Statistics, lies and the case for experts
A colleague recently sent me this interesting article on how statistics are losing their power in a ‘post-truth’, privatised ‘big data’ society whereby the exponential growth of data is held in private hands unwilling to make data public.
Of course, knowledge is power and our ability to gain knowledge is in a large part based on our ability to convert data to information and information to knowledge. From there, we can make informed decisions.
At .id, we are frequently discussing the future of decision making, our data needs, and the needs of our clients. Some of our conclusions are:
- No matter how big data gets, it’s useless unless it can help answer important questions.
- Offering our clients the best quality data in a timely and compelling way is not negotiable.

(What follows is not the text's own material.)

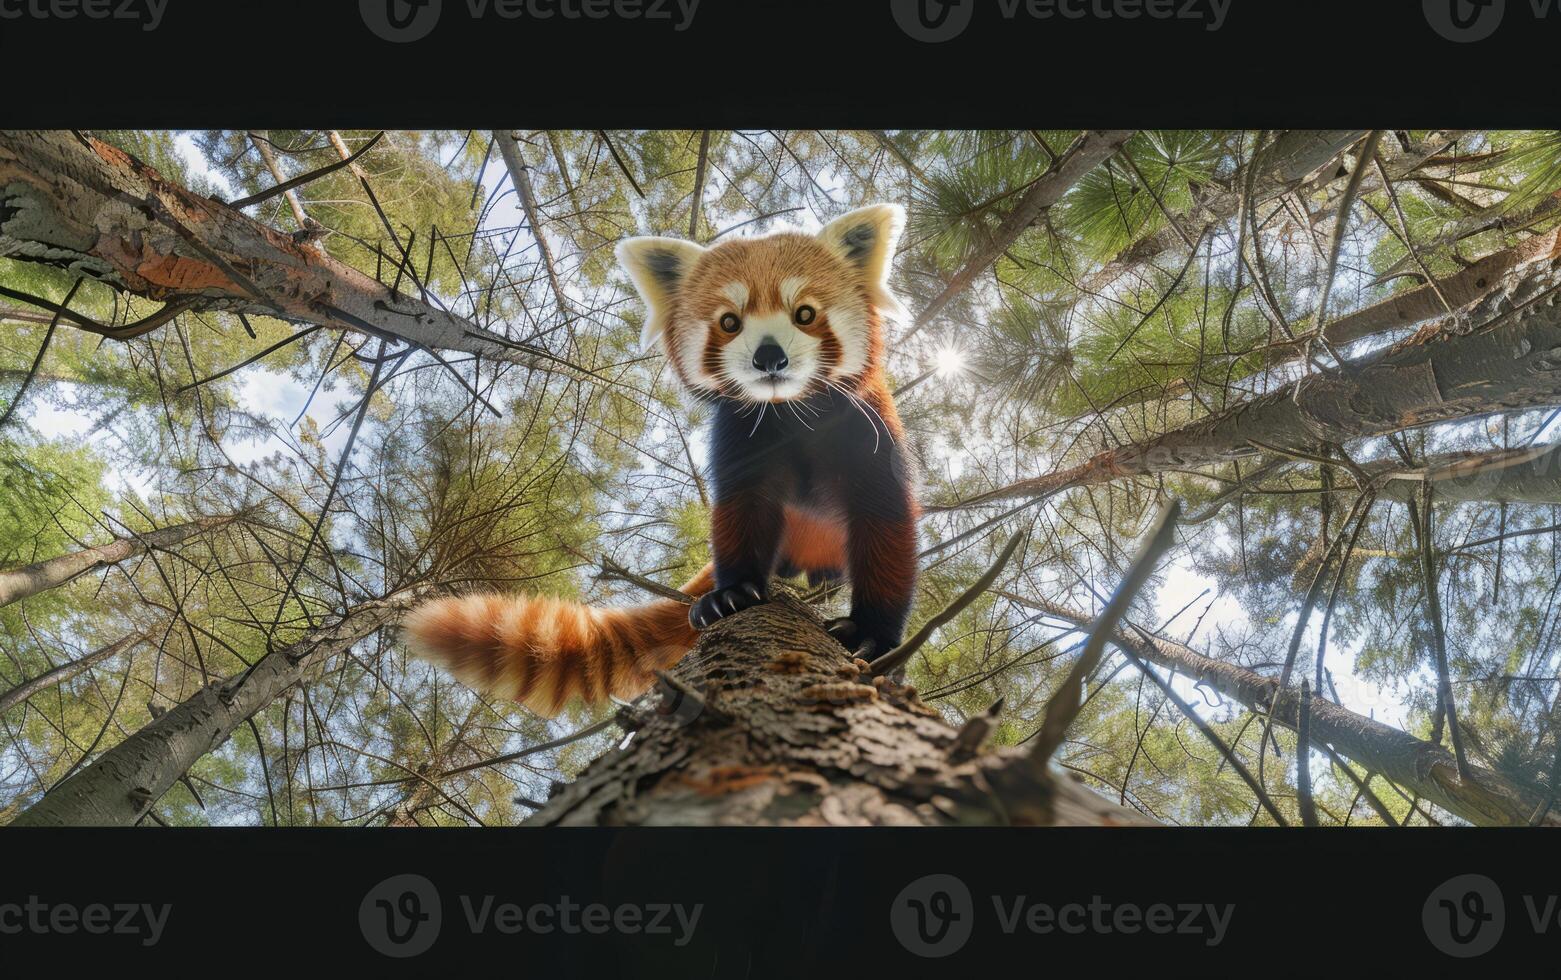 ai gegenereerd rood panda in boom foto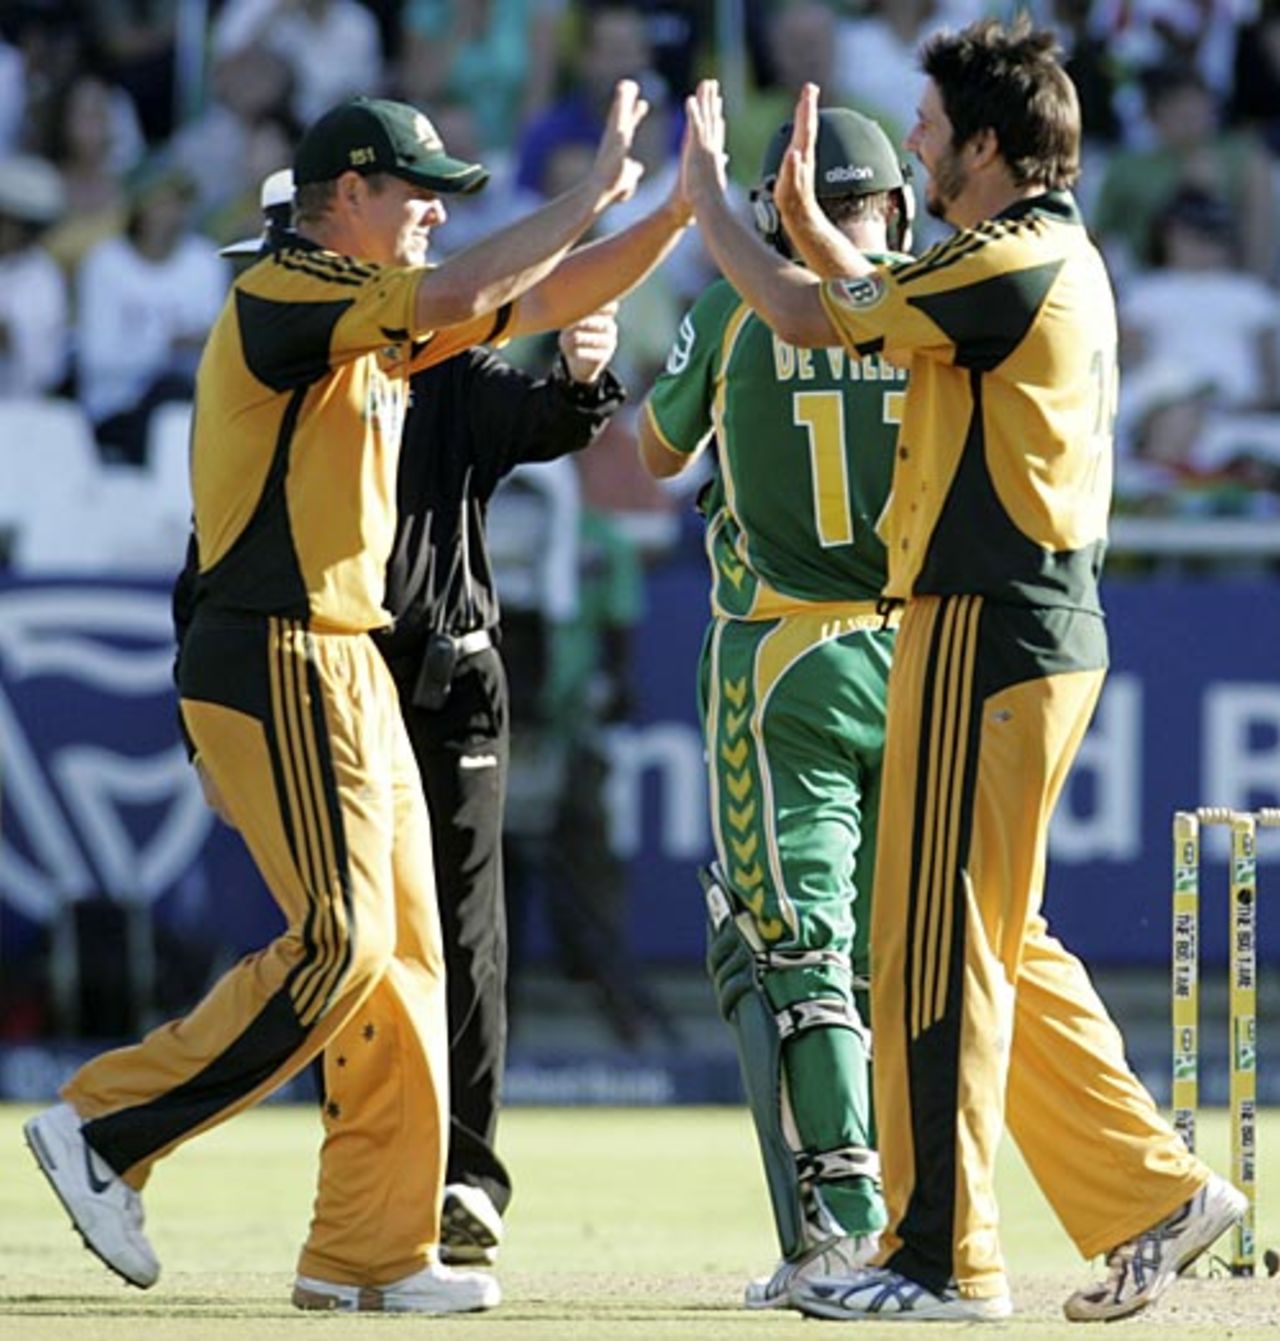 Brett Geeves celebrates Jacques Kallis' wicket, South Africa v Australia, 3rd ODI, Newlands, Cape Town, April 9, 2009

- Sharing data and knowledge in the public domain enables a common basis on which facts and truths can be shared and debated, (and hopefully reasonably concluded upon).
- Data and information, no matter how compellingly presented using technological tools, requires considerable expertise for interpretation and conversion into good decision making.
On this last point, while we are hard at work providing ongoing technological improvements to the way we deliver data and information, we are working equally hard to offer excellent consulting services. In a ‘post-truth’ ‘big data’ environment, our ability to collaborate with our clients to apply our expertise is, I believe, central to what we do. However, the ability to undertake the conversion of data to knowledge and knowledge into good decisions nevertheless requires considerable expertise.